Drie dagen later instrueerde Pergen alle gouverneurs van het rijk om de inhoud van alle in hun verschijnende kranten te controleren voor publicatie. Alle commentaren en nieuwsberichten die bij sommige mensen tot “verkeerde conclusies” zouden leiden of de “geest van rebellie” zouden zaaien, moesten worden geschrapt.179 Op deze manier werd een systeem van permanente krantencensuur ingevoerd, dat nog lang in stand zou blijven.

5.5 Besluit

Toen keizer Jozef II op 20 februari 1790 overleed, was er van de aanvankelijke ruimere persvrijheid weinig meer over. Hoewel in principe zijn opvattingen over de wenselijkheid van een zekere mate van persvrijheid niet veranderd waren, moest hij uiteindelijk ook inzien dat deze hervorming bepaald niet de effecten had gesorteerd waarop hij had gehoopt. Zijn verwachting dat door de vrijere disseminatie en discussie van ideeën een creatief proces zou ontstaan die zou resulteren in wetenschappelijke, technologische en economische dynamiek, was ijdel gebleken.

Het probleem was echter dat de keizer voortdurend op twee gedachten bleef hinken, waardoor de censuurpraktijk inconsistent was. Aan de ene kant articuleerde hij de wens dat de beoordeling van boeken en geschriften op een rationele wijze zou gebeuren, op basis van strikt te volgen regels, zodat het voor iedereen duidelijk zou zijn hoe de vork in de steel zat.

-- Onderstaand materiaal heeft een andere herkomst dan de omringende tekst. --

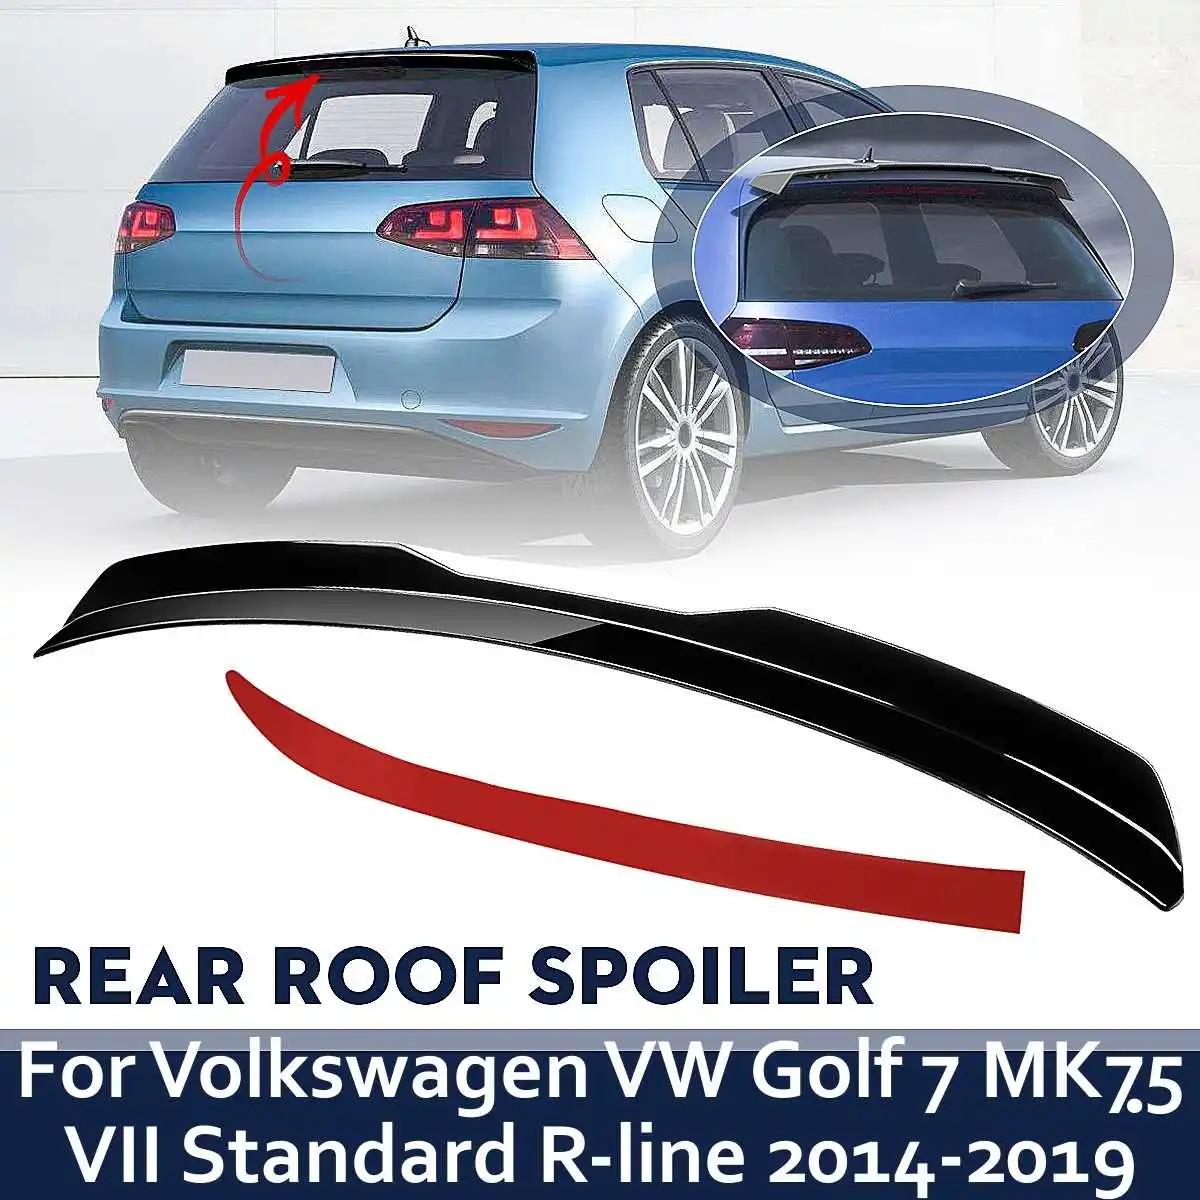 Задний спойлер на крышу для Volkswagen VW Golf 7 MK75 VII GTI R-Line 2014 2015 2016 2017 2018 2019 глянцевый

Tegelijkertijd ondermijnde hij zelf de uitvoering van deze voornemens door regelmatig persoonlijk in te grijpen en dikwijls ook nog op dubieuze gronden beslissingen nam.

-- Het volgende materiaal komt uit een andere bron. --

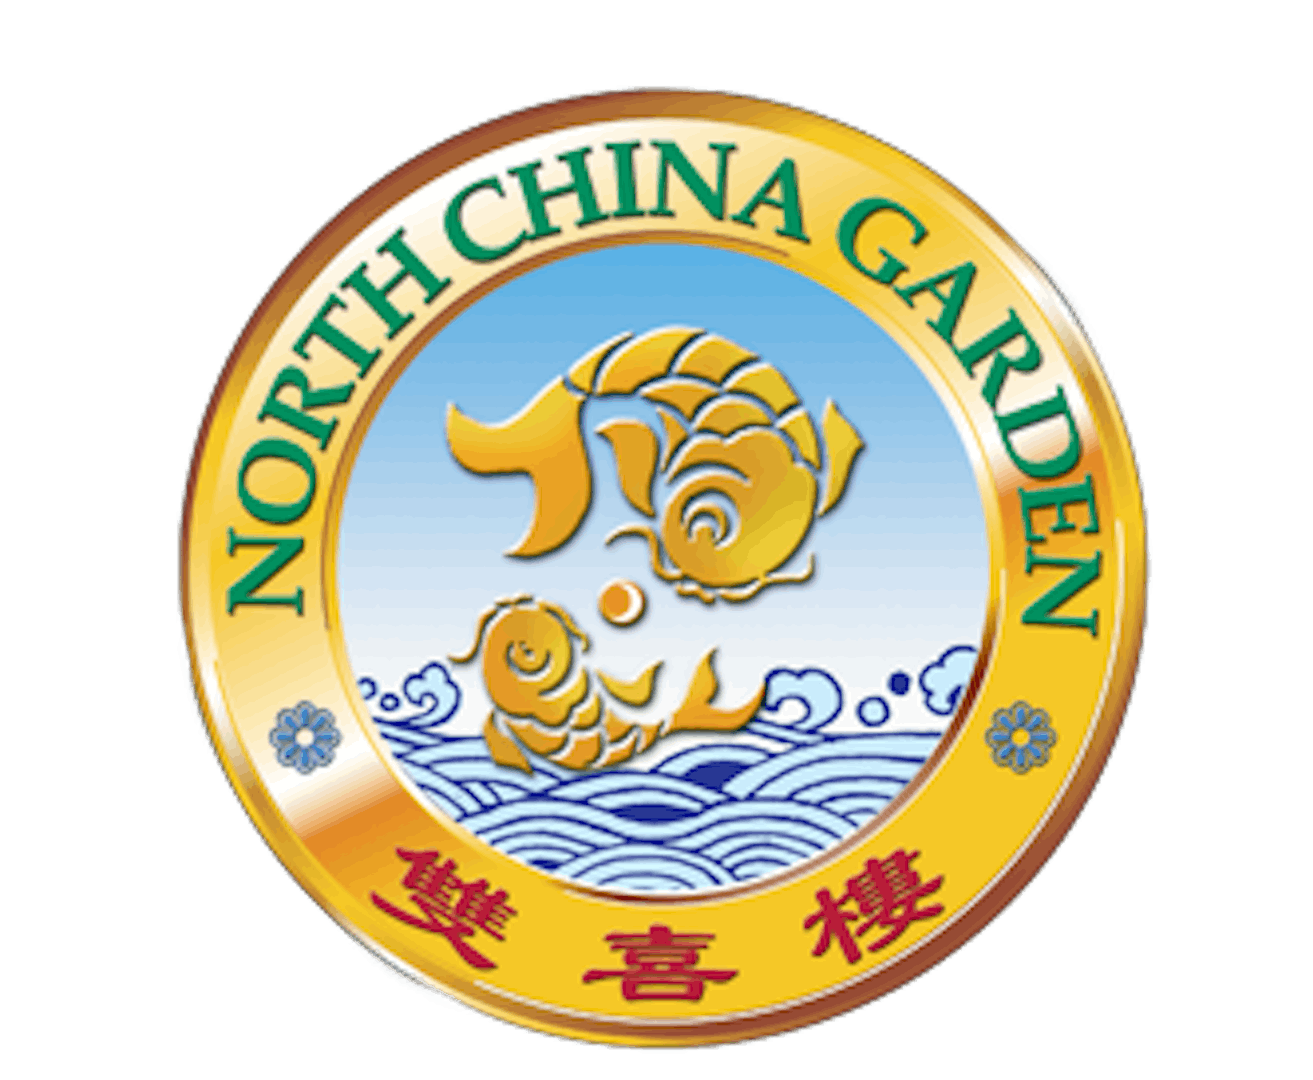 North China Garden Tacoma Wa 98403 Menu Order Online

Voor de ontluikende publieke opinie was het moeilijk om deze signalen met elkaar te verzoenen. Te gemakkelijk was men er vanuit gegaan dat de censuurhervorming een eerste stap in de richting van volledige persvrijheid was, wat nooit de bedoeling is geweest. De aanvankelijke snelheid waarmee de hervorming gepaard ging suggereerde dit in hun ogen wel. Hierdoor waren ze al snel ontevreden over de blijvende beperkingen en de blijvende realiteit van een censuur die wel degelijk ingreep in zaken waarbij volgens de vitale belangen van het rijk in het geding waren, de godsdienst werd belasterd of ondermijnd en wanneer de goede normen en zeden in het geding waren.

178

Sashegyi, Zensur und Geistesfreiheit, 125. 179

65

Illustratie: dood van Keizer Joseph II, 20 februari 1790.

66

CONCLUSIE

Wat moet nu het eindoordeel zijn over de hervorming van de censuur door Jozef II, die door zoveel tegenstrijdigheden wordt gekenmerkt? De vraag stellen lijkt hem te beantwoorden, maar in dit geval is er niet één simpel antwoord te geven. Moet de verruiming van de persvrijheid worden beoordeeld aan de hand van de criteria die de keizer zelf stelde, of in het licht van de mate van persvrijheid die in de context van de laat achttiende eeuw gebruikelijk was?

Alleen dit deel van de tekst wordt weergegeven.